By looking at language cues used by those who use Twitter, computer scientists at Johns Hopkins University are able to gather information about common mental health problems, like post-traumatic stress disorder (PTSD), depression, bipolar disorder and Seasonal Affective Disorder (SAD), according to Medical News Today.
The researchers mined public data by screening Tweets. More than 8 billion Tweets have been used and researchers screen for phrases that relate to symptoms, like "I just don't want to get out of bed," according to Medical News Today. This process has provided health care professionals with fresh data obtained more cost-effectively.
"With many physical illnesses, including the flu, there are lots of quantifiable facts and figures that can be used to study things like how often and where the disease is occurring, which people are most vulnerable and what treatments are most successful," said Glen Coppersmith, a Johns Hopkins senior research scientist, according to Medical News Today. "But it's much tougher and more time-consuming to collect this kind of data about mental illnesses because the underlying causes are so complex and because there is a long-standing stigma that makes even talking about the subject all but taboo."
"We're not aiming to replace the long-standing survey methods of tracking mental illness trends," Coppersmith said, according to Medical News Today. "We believe our new techniques could complement that process. We're trying to show that analyzing tweets could uncover similar results, but could do so more quickly and at a much lower cost."
Coppersmith and his colleagues from the U.S. Naval Surface Warfare Center have used Twitter posts to target certain geographic areas and analyze mental illness in those regions, according to Medical News Today.
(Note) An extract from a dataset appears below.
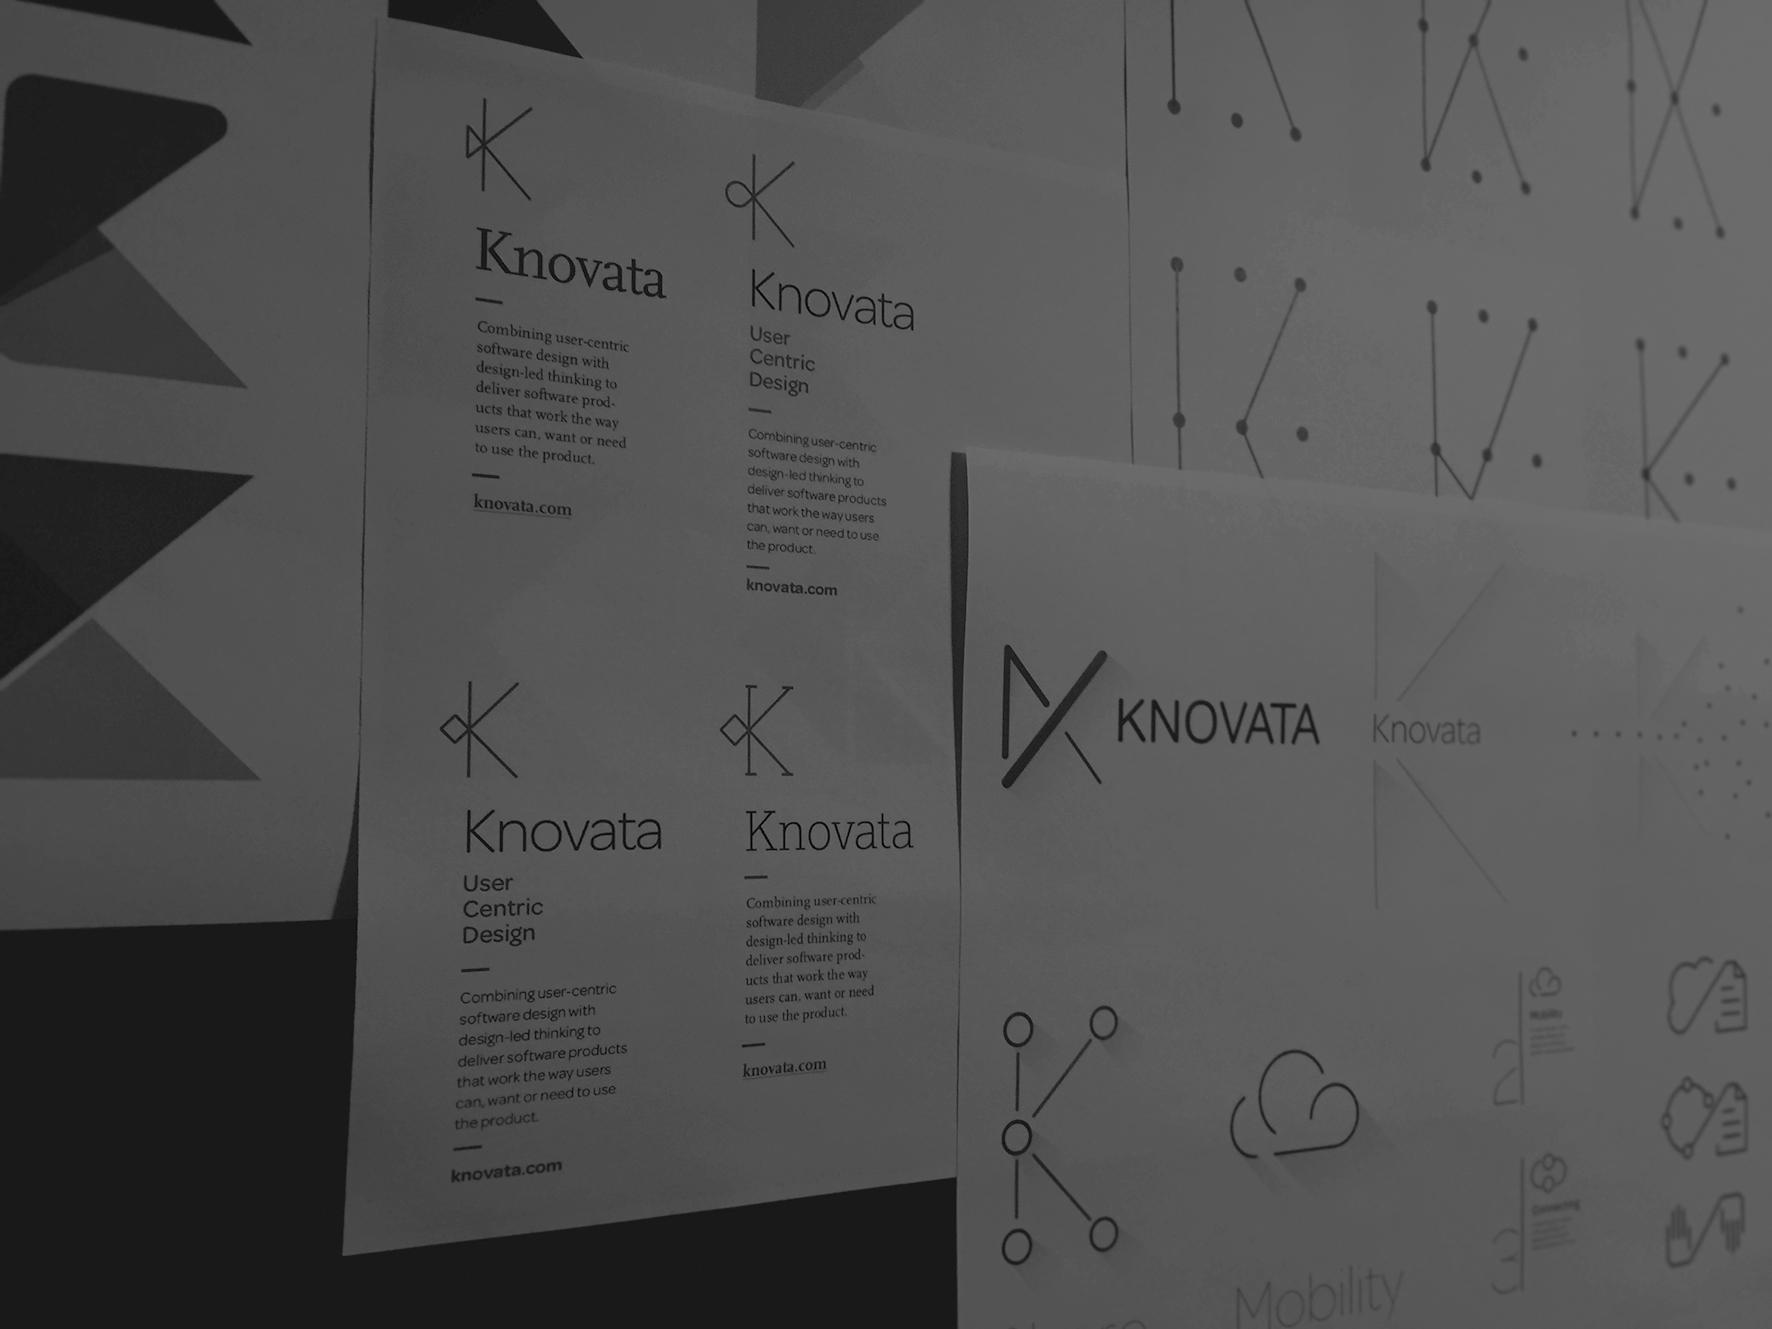 FBD_Knovata_Ref_6.jpg

The researchers discovered that PTSD, depression and higher rates of unemployment were more common around areas with military who had been deployed multiple times to Iraq and Afghanistan. Not surprising results, but the study shows that Twitter can be used to accurately measure mental health of regions, especially after a conflict or natural disaster.
"Using Twitter to get a fix on mental health cases could be very helpful to health practitioners and governmental officials who need to decide where counseling and other care is needed most," said Mark Dredze, an assistant research professor in the Whiting School of Engineering's Department of Computer Science, according to Medical News Today. "It could point to places where many veterans may be experiencing PTSD, for example, or to towns where people have been traumatized by a shooting spree or widespread tornado damage."
An editorial in the Boston Globe summarized social media's relationship to mental illness tracking perhaps most aptly: "Twitter is, apparently, the quiet therapist to whom we reveal much more that we realize. As such, it could be a valuable public-health tool. More work needs to be done in considering how such information could be used while still preserving privacy, but it's an inquiry worth pursuing."
"Mental health is something that has touched every single one of us at some point in our lives, whether it's a personal experience or watching family or friends go through it," Coppersmith has said, according to Medical News Today. "I don't know how you can't attack this problem. This is the one everyone should care about."